Last Updated on May 17, 2018, by eNotes Editorial. Word Count: 511
Old Man Rountree: elderly Pullman porter and friend of Ella’s
Pappy Cousins: Yankee Clipper steward
Ed Small: owner of Small’s Paradise, a popular Harlem nightspot
Charlie Small: Ed’s brother, who interviews Malcolm for a job
In 1942, Malcolm is hired by a railroad company to work as a dishwasher on its Boston to Washington, DC run. Soon, he is promoted and begins selling food on the “Yankee Clipper,” the train that runs between Boston and New York City. On his first trip to New York’s Harlem, he visits several nightclubs and sees such famous black celebrities as Dizzy Gillespie and Ella Fitzgerald. Immediately deciding that “this world was where I belonged,” he becomes a regular at Harlem’s hottest nightspots.

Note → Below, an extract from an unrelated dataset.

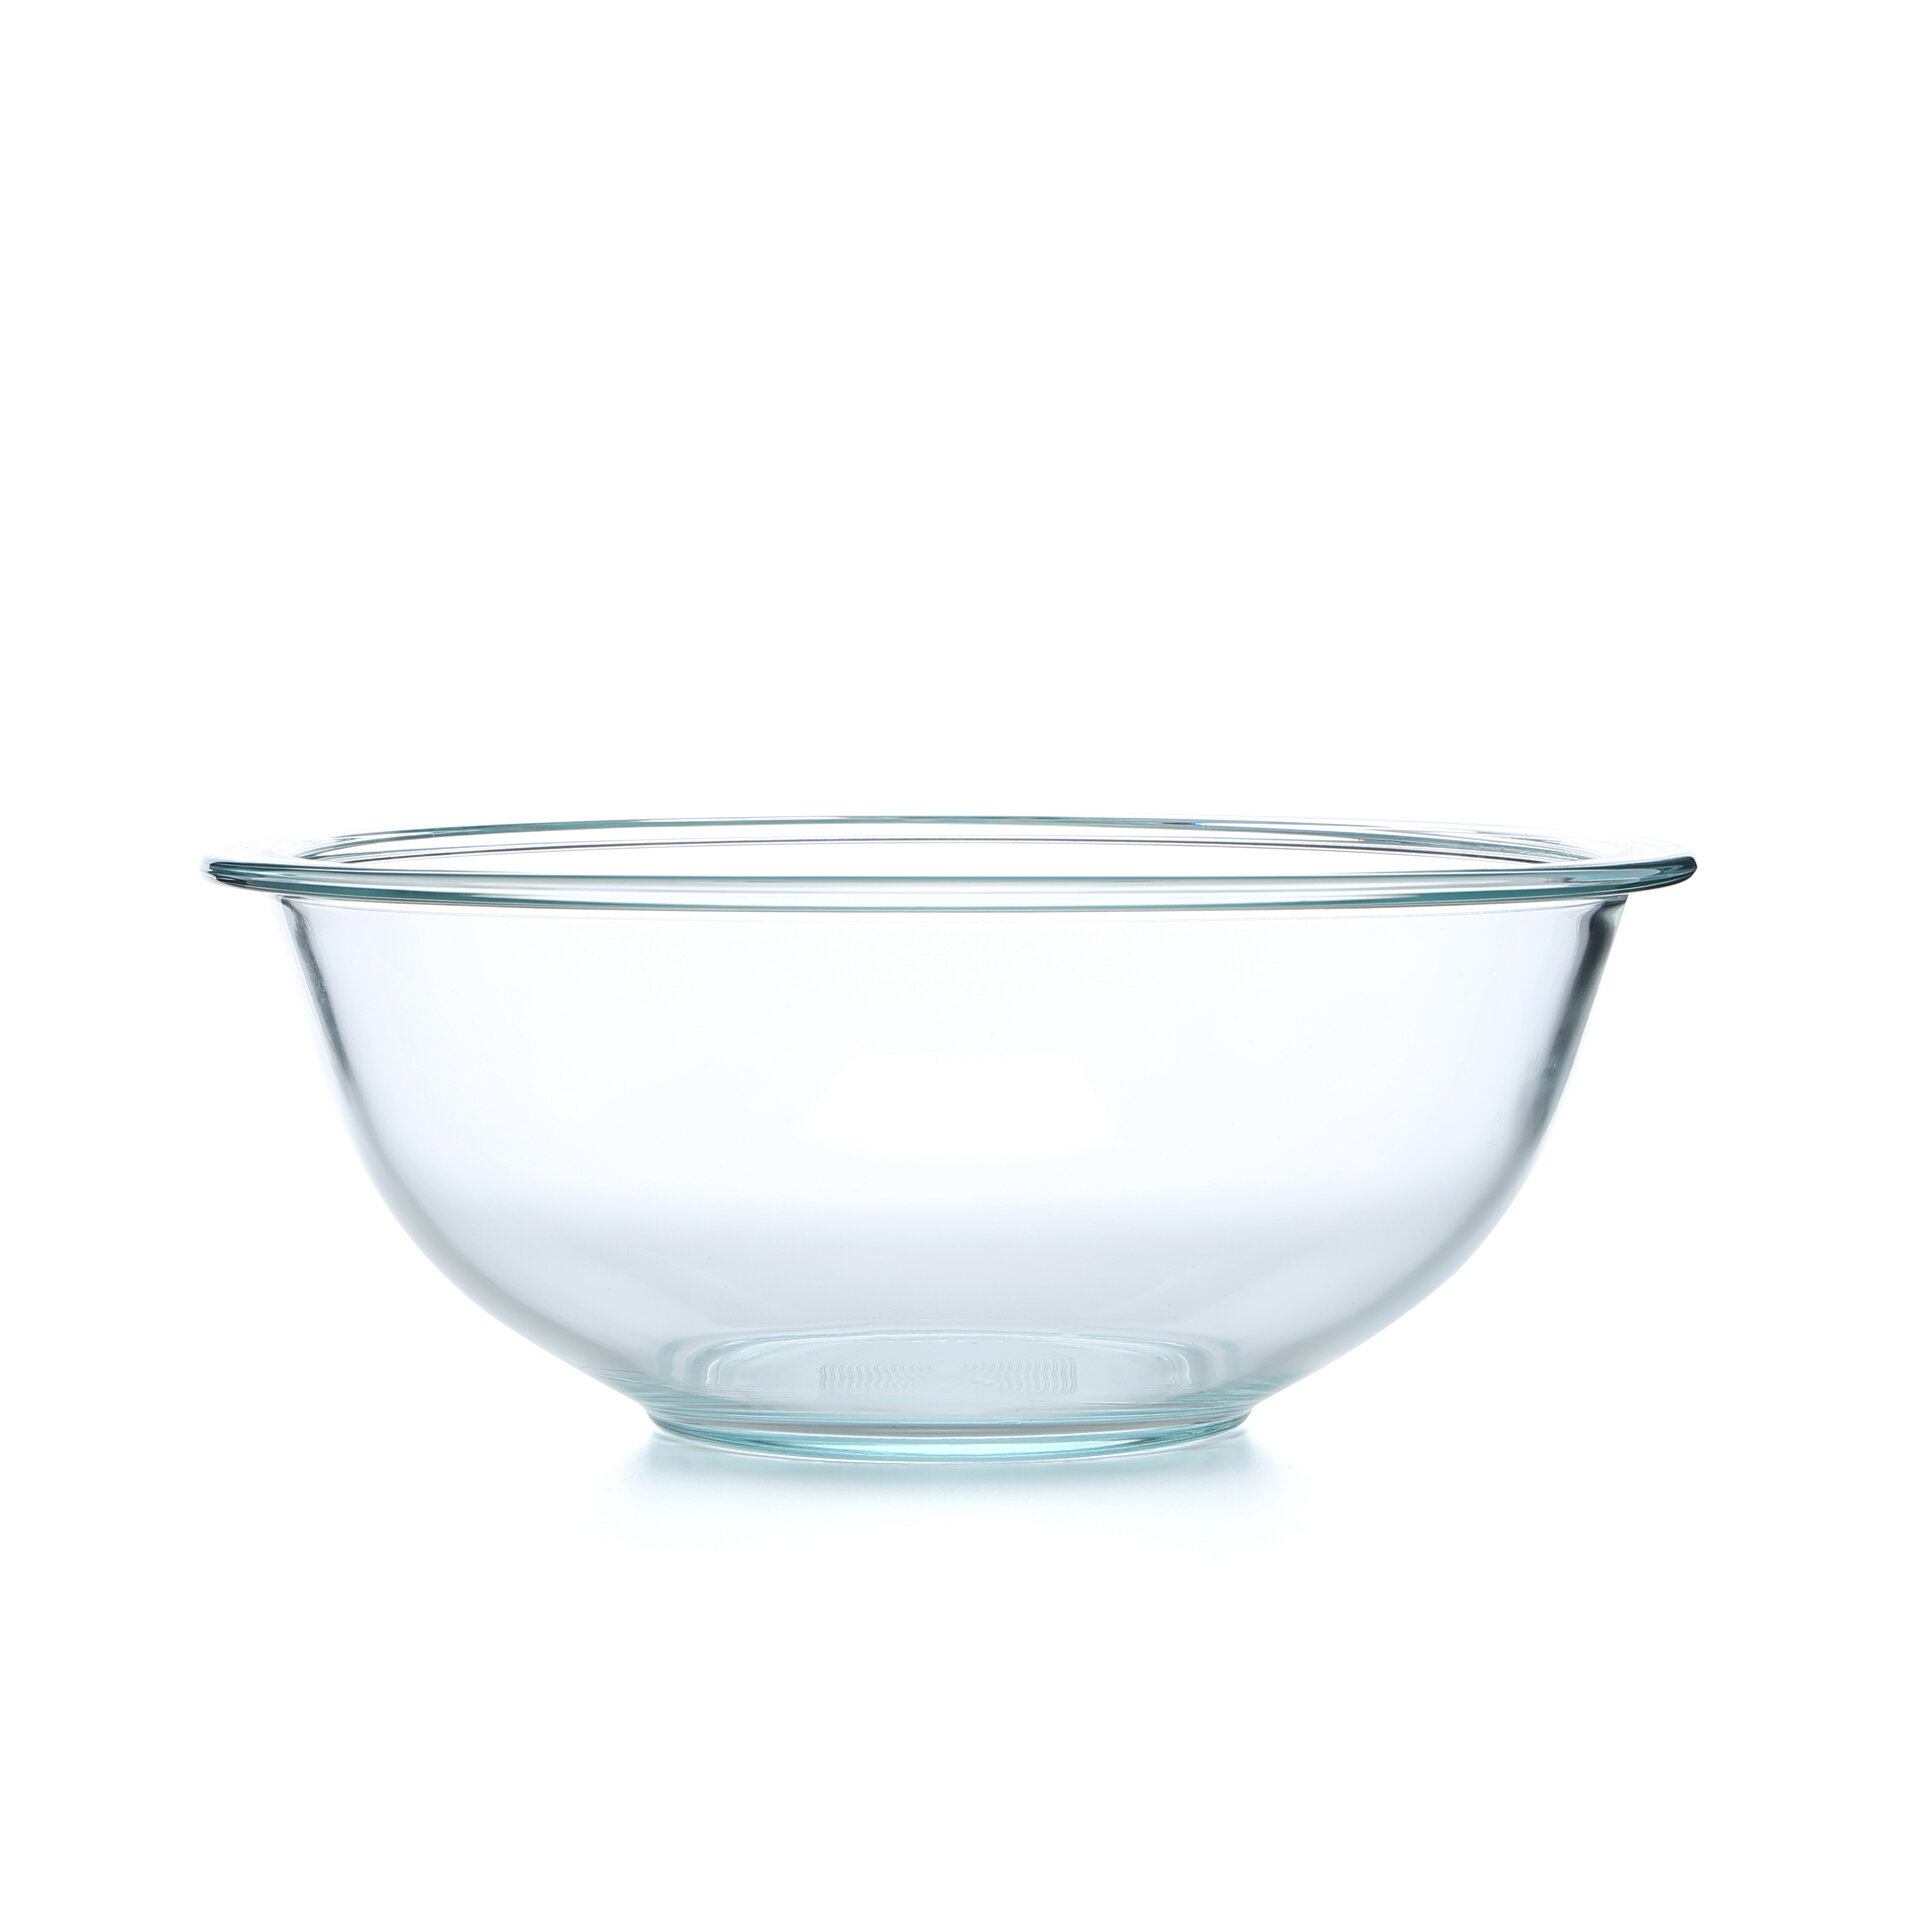 https://assets.wfcdn.com/im/78490934/compr-r85/9018/9018752/pyrex-prepware-glass-mixing-bowl.jpg

Meanwhile, Malcolm is fired by the railroad company after they receive complaints from people about his rude behavior. Confident that he will find another job—however menial—easily because of America’s booming wartime economy, Malcolm pays a visit to his family in Lansing. His conked, fire-red hair and zoot suits create a sensation there.
Back in New York, Malcolm becomes a day waiter at Small’s Paradise. He learns about Harlem’s long history as a safe haven for the vast numbers of immigrants—Dutch, German, and Irish, to name a few—who once resided in Harlem. In addition, he discovers how Harlem gained its notoriety—the numbers hustling, pimping, dope peddling, and thievery.
This chapter vividly illustrates the prevailing racial climate of the early 1940s. America’s black people were economically and socially disadvantaged. Resentment and anger were slowly building up in black communities. Thus, the reader must regard Malcolm’s behavior within the context of such attitudes.
Malcolm, like many young black men during World War II, does not want to join the army. He agrees with Shorty, who, explaining his reluctance to serve in the army, says, “Whitey owns everything. He wants us to go and bleed for him? Let him fight.”
It is, however, necessary for black people to maintain cordial relationships with white people. White people are often their employers, or the people to whom one must show respect. Malcolm encounters white people when he sells food on the railroad. He credits his success at this job to his submissive, “Uncle Tomming” antics, which earn him bigger tips. He perceptively notes, “We were in that world of Negroes who are both servants and psychologists, aware that white people are so obsessed with their own importance that they will pay liberally, even dearly, for the impression of being catered to and entertained.” Evidently, he is willing to demean himself in order to get higher tips.
Later on, Malcolm cleverly humiliates a white passenger. A drunken white soldier, referring to Malcolm as “nigger,” challenges him to a fist fight. Malcolm responds, “Sure, I’ll fight, but you’ve got too many clothes on.” The drunken sailor proceeds to disrobe in front of the other, laughing passengers. Ultimately, Malcolm’s anger—at white people in general—has led him to take revenge against this soldier.